Category: Computers > Algorithms
Asked by: fabrirs-ga
List Price: $5.00
Posted: 20 Oct 2002 16:42 PDT
Expires: 19 Nov 2002 15:42 PST
Question ID: 85630
I'm doing a research about Web Wrappers and Crawlers. Who know some
links that could help me on my research? I'm looking for papers that
show the
state of art on this field, and expecificaly about the deep web, or
hidden web. Probabily using XML, or not. And sites that shows possible
applications that we could do with this tecnology.
I'd like to know more about the tecnology too. Thanks.
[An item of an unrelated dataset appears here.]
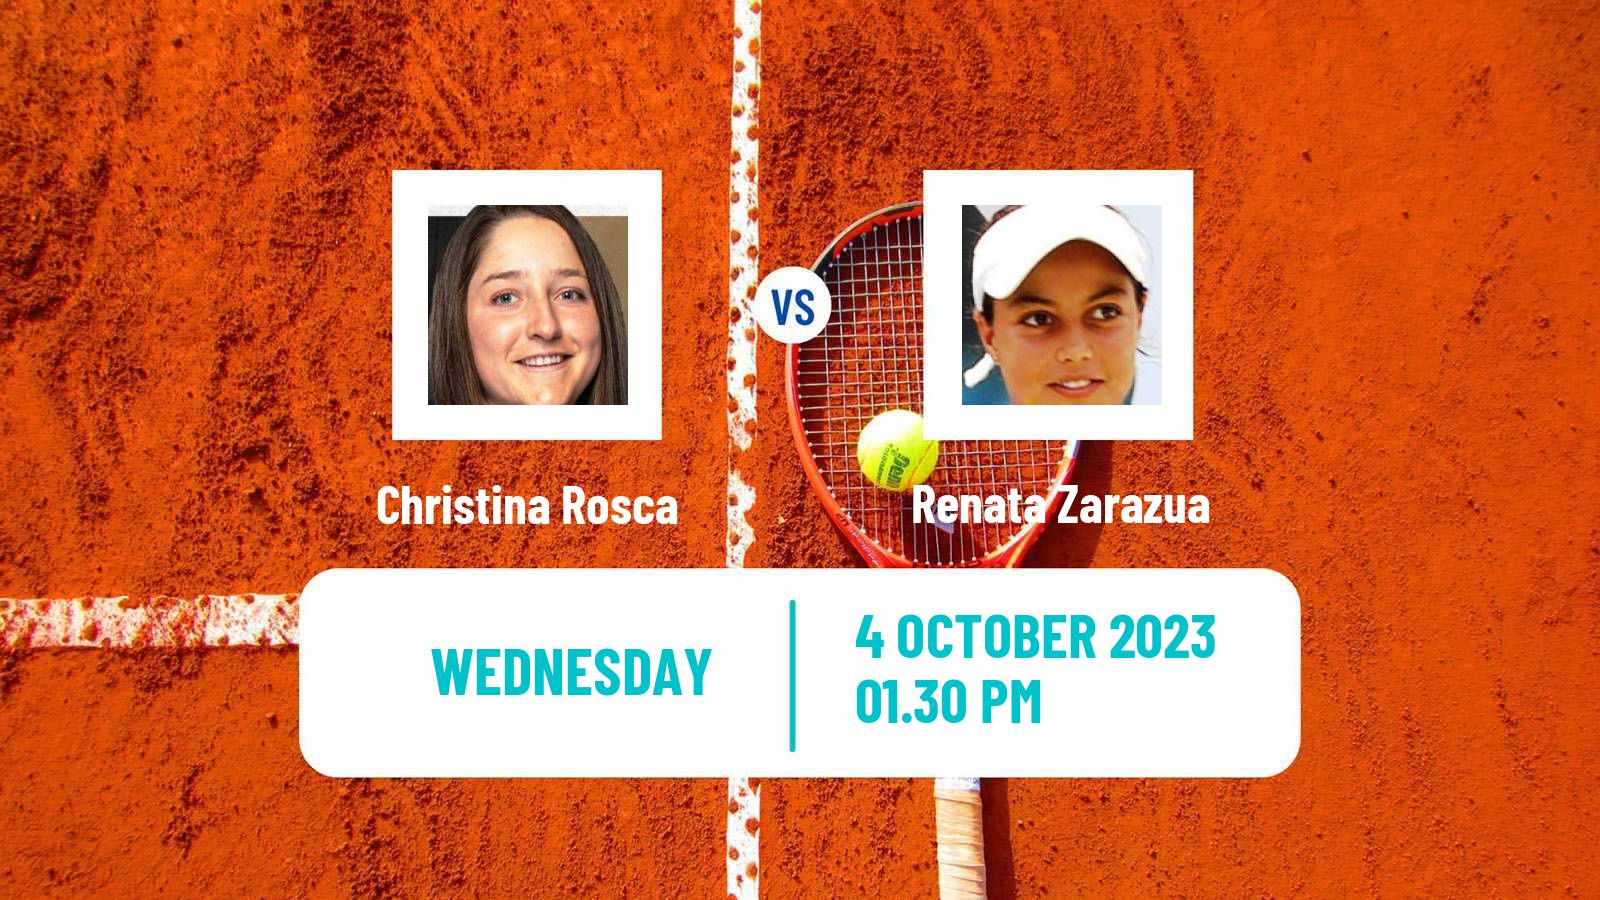 Tennis ITF W60 Rome Ga 2 Women Christina Rosca - Renata Zarazua

Request for Question Clarification by sgtcory-ga on 20 Oct 2002 18:14 PDT
Hello fabrirs,

When you refer to XML, are you saying you wish to see information
about crawlers/wrapper examples that retrieve data via indexing, and
that data is then stored in an XML frameset for later use?

Thank you -

SgtCory

Clarification of Question by fabrirs-ga on 21 Oct 2002 10:59 PDT
On my previous researches about crawlers/wrappers i see some examples
that uses XML and XSLT to navigate on the pages, following links, see:

[1] S. Raghavan and H. Garcia-Molina. Crawling the
hidden web. Technical Report 2000-36, Computer
Science Department, Stanford University, December
2000. Available at
http://dbpubs.stanford.edu/pub/2000-36

[2] Effective Web Data Extraction with Standart XML Technologies.
http://www10.org/cdrom/papers/102/

This papers demonstrates XML how the better way to extract structured
data from web data sources, but was publicated at 2000. I'd like to
discovery the most recent papers on this area (2002). But I don't know
if XML continue are the best alternative. What i'm looking forward is
the most recent technics to construct crawlers/wrappers. I hope you
can help me.

Thanks for your interest.
Bye.
Answer  
There is no answer at this time.

Comments  
Subject: Re: Information about Web Wrappers and Crawlers.
From: sfboy-ga on 01 Nov 2002 23:27 PST
 
The following research report describes the architecture of
a high performance web crawler (currently used by the Alta
Vista search engine), as well as some of the technical issues
faced by web crawlers in general:

High Performance Web Crawling
Marc Najork and Allan Heydon
ftp://gatekeeper.research.compaq.com/pub/DEC/SRC/research-reports/SRC-173.pdf

You may also be interested in WebL, a web scripting language,
which can be used to (much less efficiently) crawl the web
and to easily process the results:

WebL Home Page
Hannes Marais
http://research.compaq.com/SRC/WebL/

Good luck!
Subject: Re: Information about Web Wrappers and Crawlers.
From: fabrirs-ga on 07 Nov 2002 05:12 PST
 
Thanks, the link that you send were very useful for my research. But I
still need more information mainly about wrappers. The searching
continue. Bye.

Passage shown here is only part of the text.